His eyes flare for a moment and then he smiles, a slow upward slide of his lips. After a quick glance around, he grabs my hand and tugs me around the side of the house.

“Where are we—”

My words are interrupted with a searing kiss and all thoughts flee. He leans against the wall and pulls me against him, his hands sliding down my body until I groan into his mouth.

It would be so easy to just lose myself in this right now, but I need to know.

“Jared.” I pull away.

“Yeah.” His voice is throaty and his eyes are hooded.

“What does this mean?”

“What does what mean?” He nuzzles my neck.

“I mean . . . you still want me?”

“Nothing’s changed, Charlotte.”

He said my name. My name, on his lips.

Finally.

My breath catches in my throat, and I can’t speak. He must misinterpret my silence as confusion, because he keeps speaking.

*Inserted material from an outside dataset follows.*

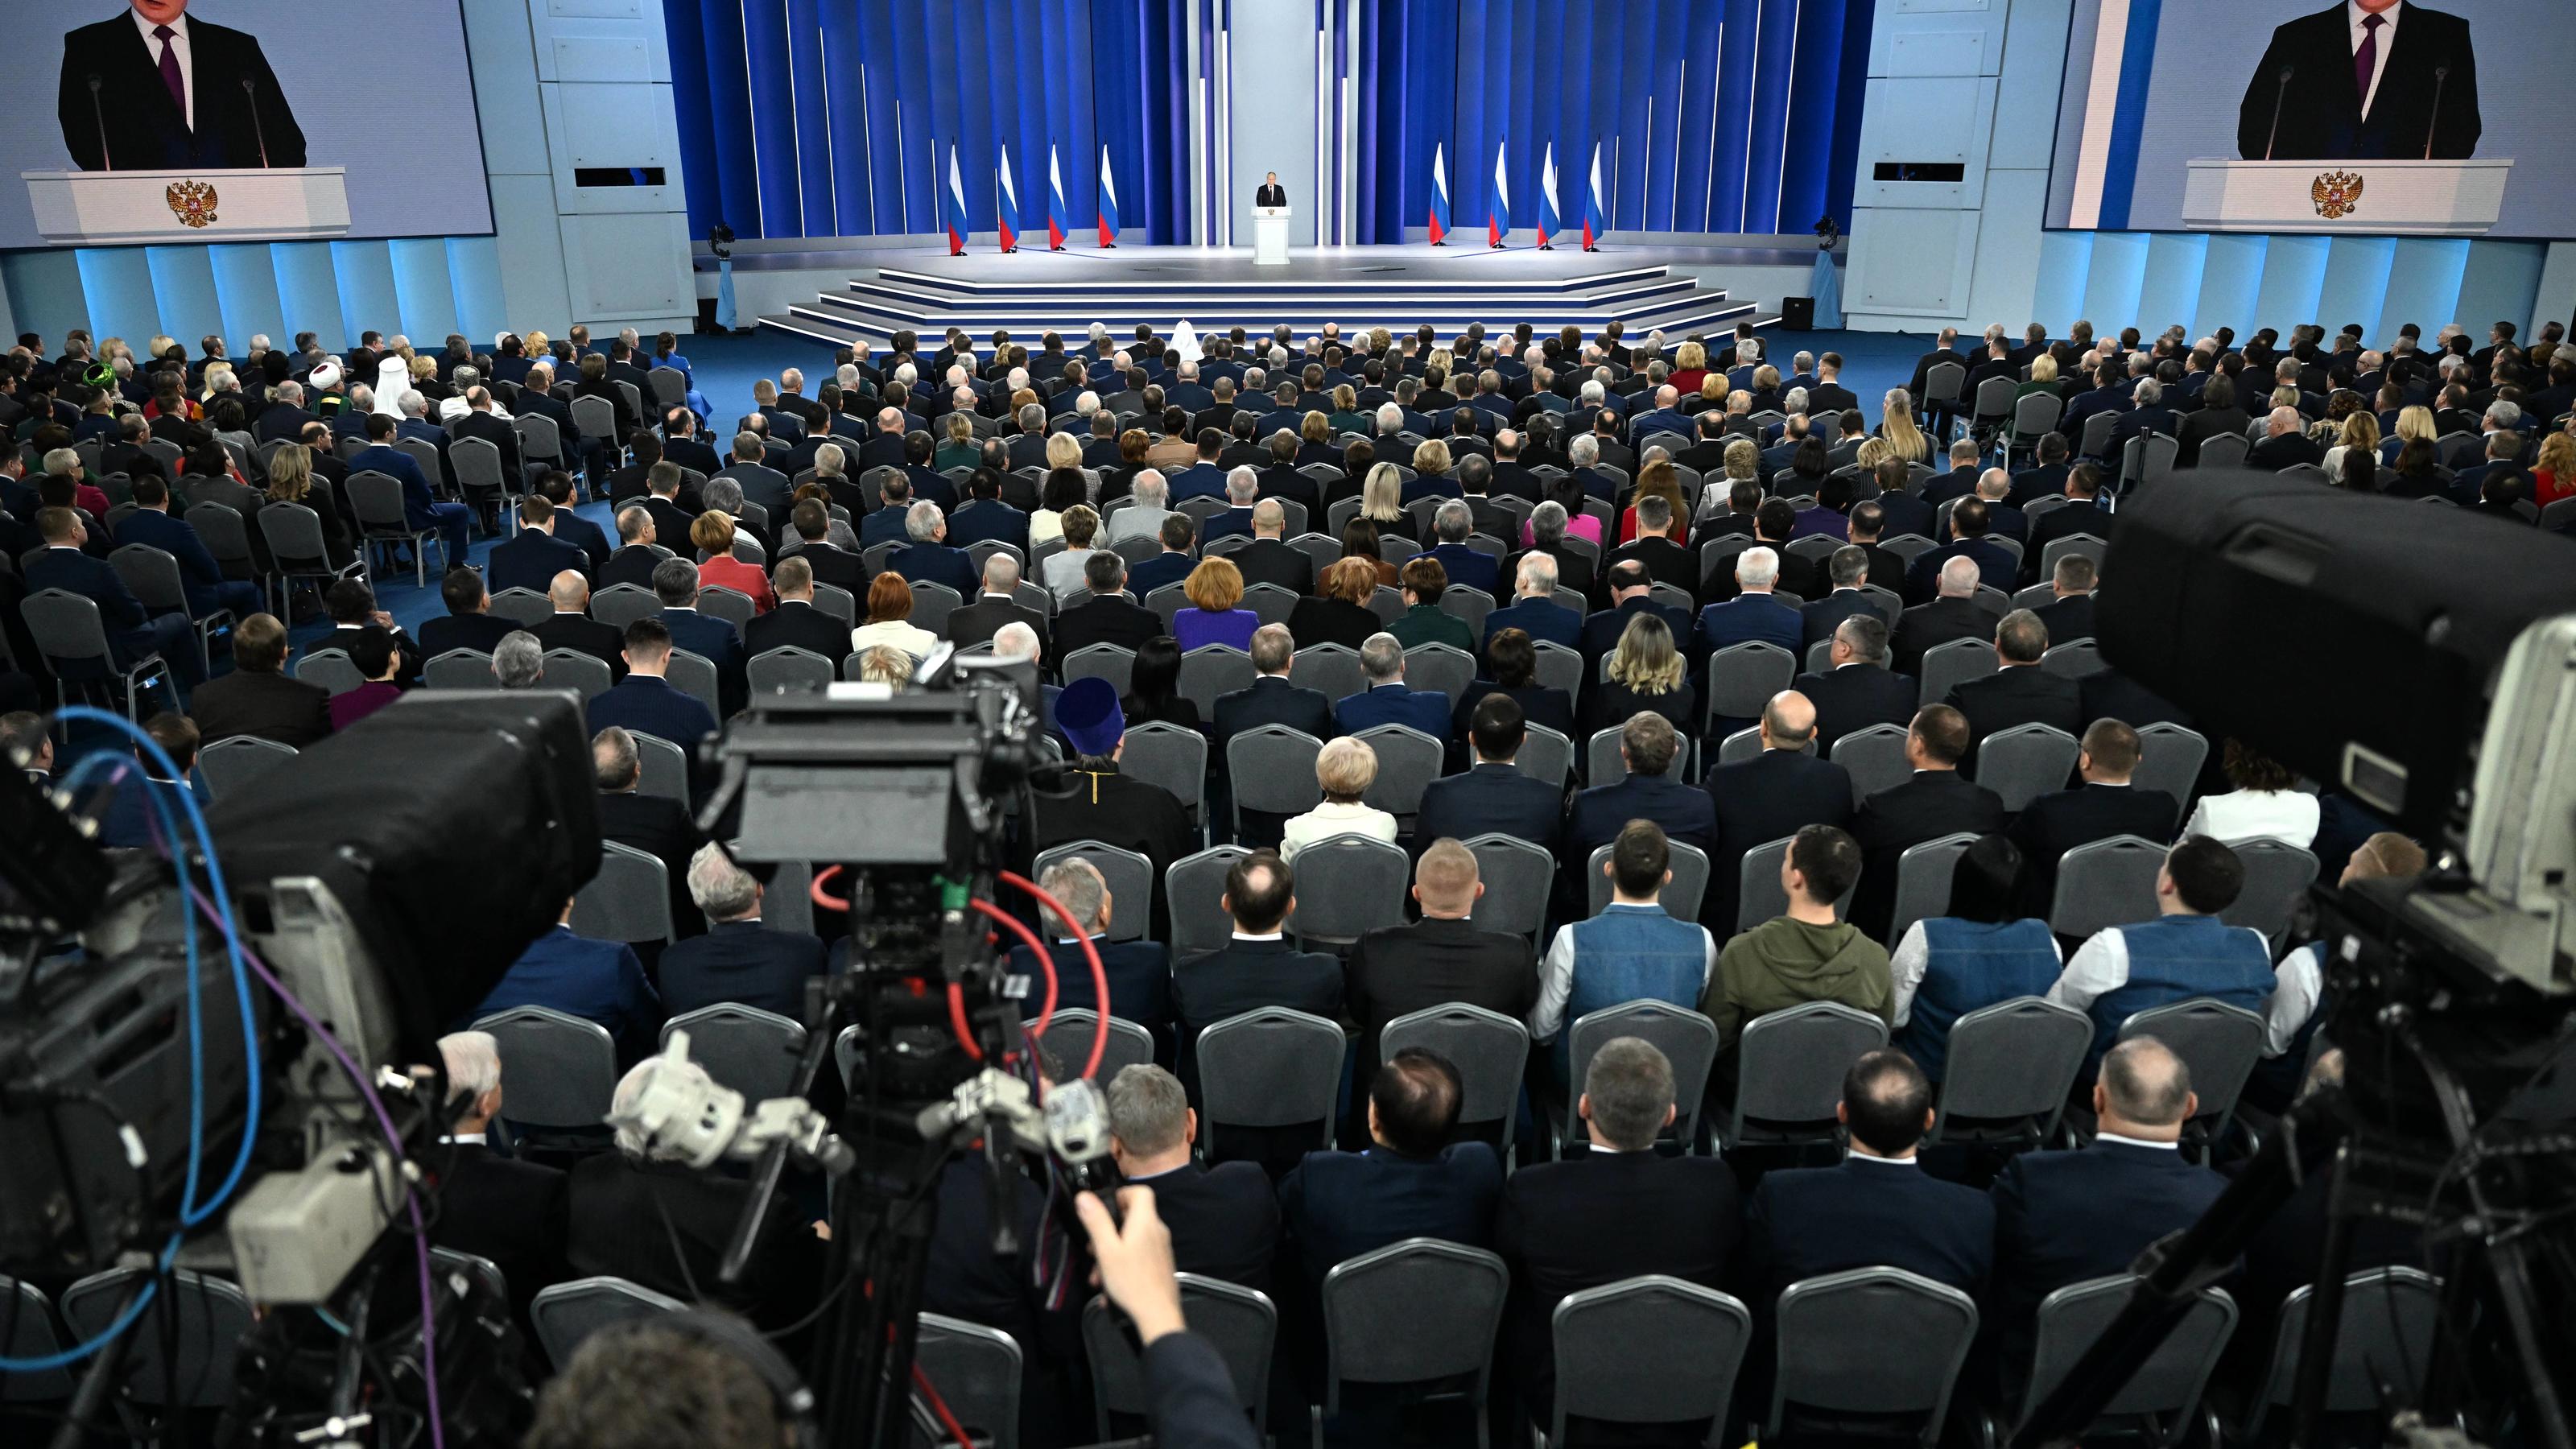 Russia Putin Federal Assembly Address 8374753 21.02.2023 Russian President Vladimir Putin delivers his annual address to the Federal Assembly, including lawmakers of the State Duma, members of the Federation Council, regional governors and other offi

“I love you. Of course I still want to be with you. I want you and Paige to live with me—whenever we can keep her—and we’ll figure the rest out.” He pauses, his eyes searching mine in the fading light. “That’s what you want, too, right?”

“It is. I love you, too.”

And then we’re kissing again and I have to force myself to push him away so I can meet his eyes. “But I’m getting a job. You’re not going to trust fund me into submission.”

“Okay.” He bends over and kisses my neck. “As long as you don’t rob the neighbors or run around the streets at night in your ninja outfit. Although wearing it in the bedroom is up for negotiation.”

I laugh and shove him in the shoulder. “And I’m going to school. Or something. I’m going to take classes.”

“What kind of classes?” He’s still nuzzling my neck and the words brush against my skin, making me shiver.

“How about criminal justice?”

He chuckles, resting his forehead against mine. “That would be extraordinary.”